Responsabilities:

–  Conduct stability studies of  intermediates and  active substances as per predefined protocol , data compilation and evaluation as per ICH guidelines.
–  Analysis of  finished products as per the specifications, MoA and data compilation.
–  Analytical method validation protocol , execution and  final report preparation.
–  Analytical method transfer.
–  Write standard operation procedures, analytical tests methods, protocols/reports for various analytical projects , or stability reports, when required.
–  Review  of data generated by chemist.
– OOS and investigation reports.  
– To ensure that all the work  is carried out in compliance with the required standards, conforming to company,  cGMP, SOPs, regulatory regulations and guidelines, safety and environmental guidelines.

Experience:

Candidates will need to show evidence of the following :
1. Preferably hold a degree in Chemistry .
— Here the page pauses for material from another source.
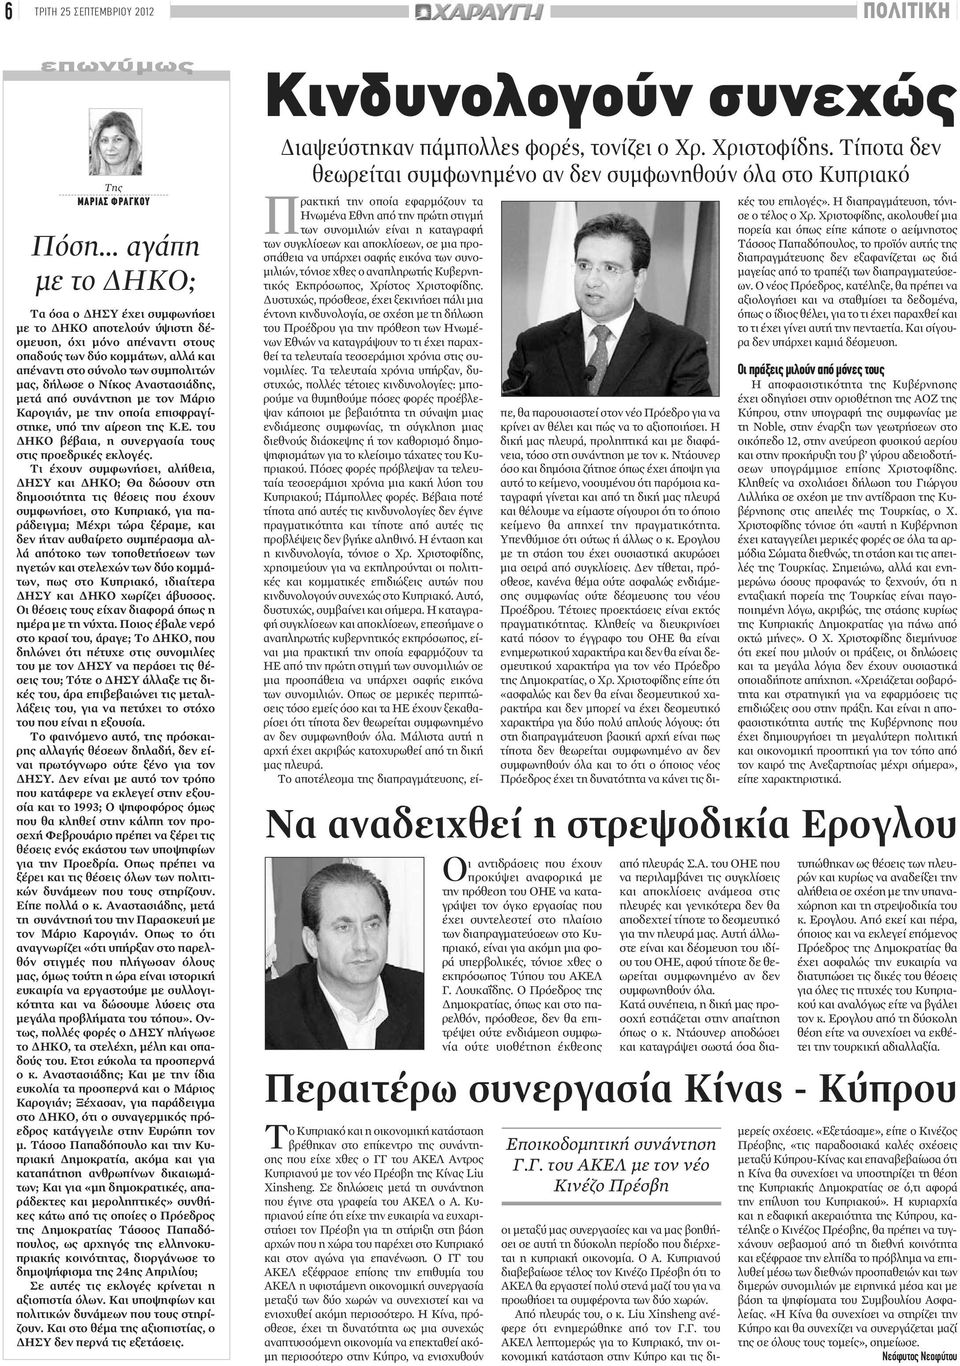 Νίκος Αναστασιάδης, μετά από συνάντηση με τον Μάριο Καρογιάν, με την οποία επισφραγίστηκε, υπό την αίρεση της Κ.Ε. του ΔΗΚΟ βέβαια, η συνεργασία τους στις προεδρικές εκλογές.

2.  Very high English level is a must.
3. Must have a minimum of  three  years of previous experience of working within a QC Lab , but experience in analytical development will be also valuable.
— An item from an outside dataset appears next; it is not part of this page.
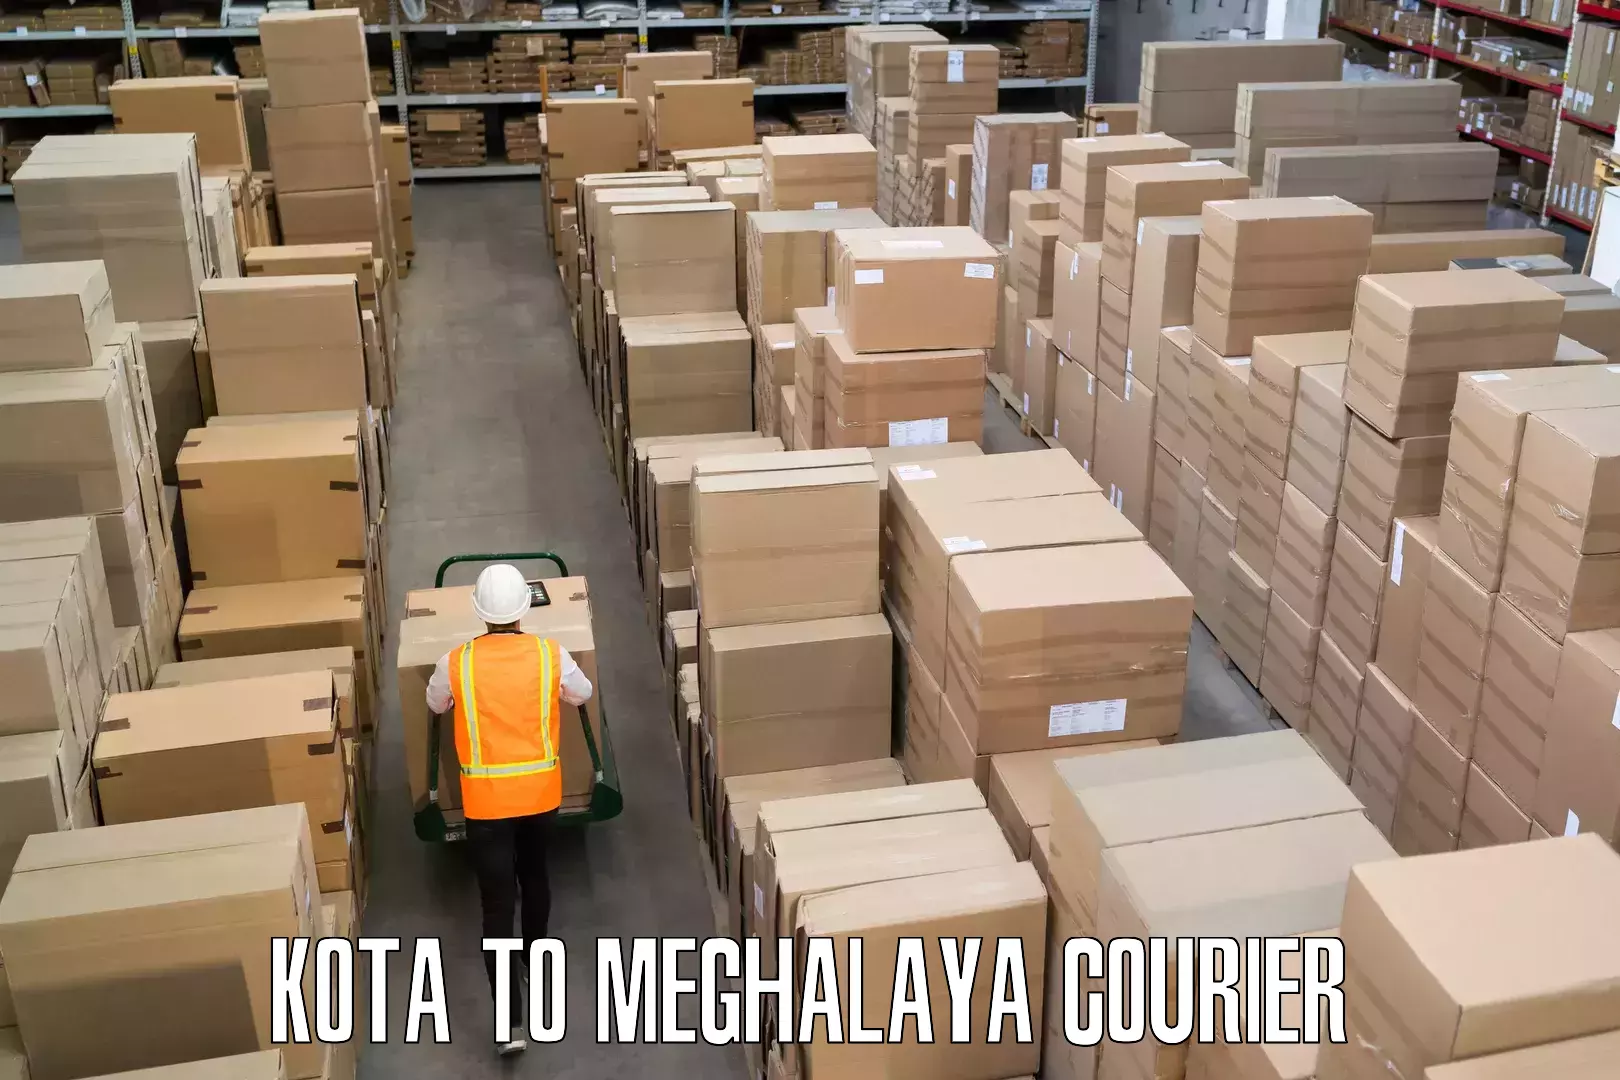 Luggage delivery network Kota to Meghalaya

4. Theoretical and practical knowledge of various analytical techniques such as HPLC, GC, GC-HS, IC, FT-IR, PSD, KF titration.
5. Extremely organized to deal with a variety of projects and able to priorities conflicting demands.
6.  Ability to work under pressure with multiple projects to  strict on-going deadlines.
7.  Excellent communication (oral and written) and interpersonal skills.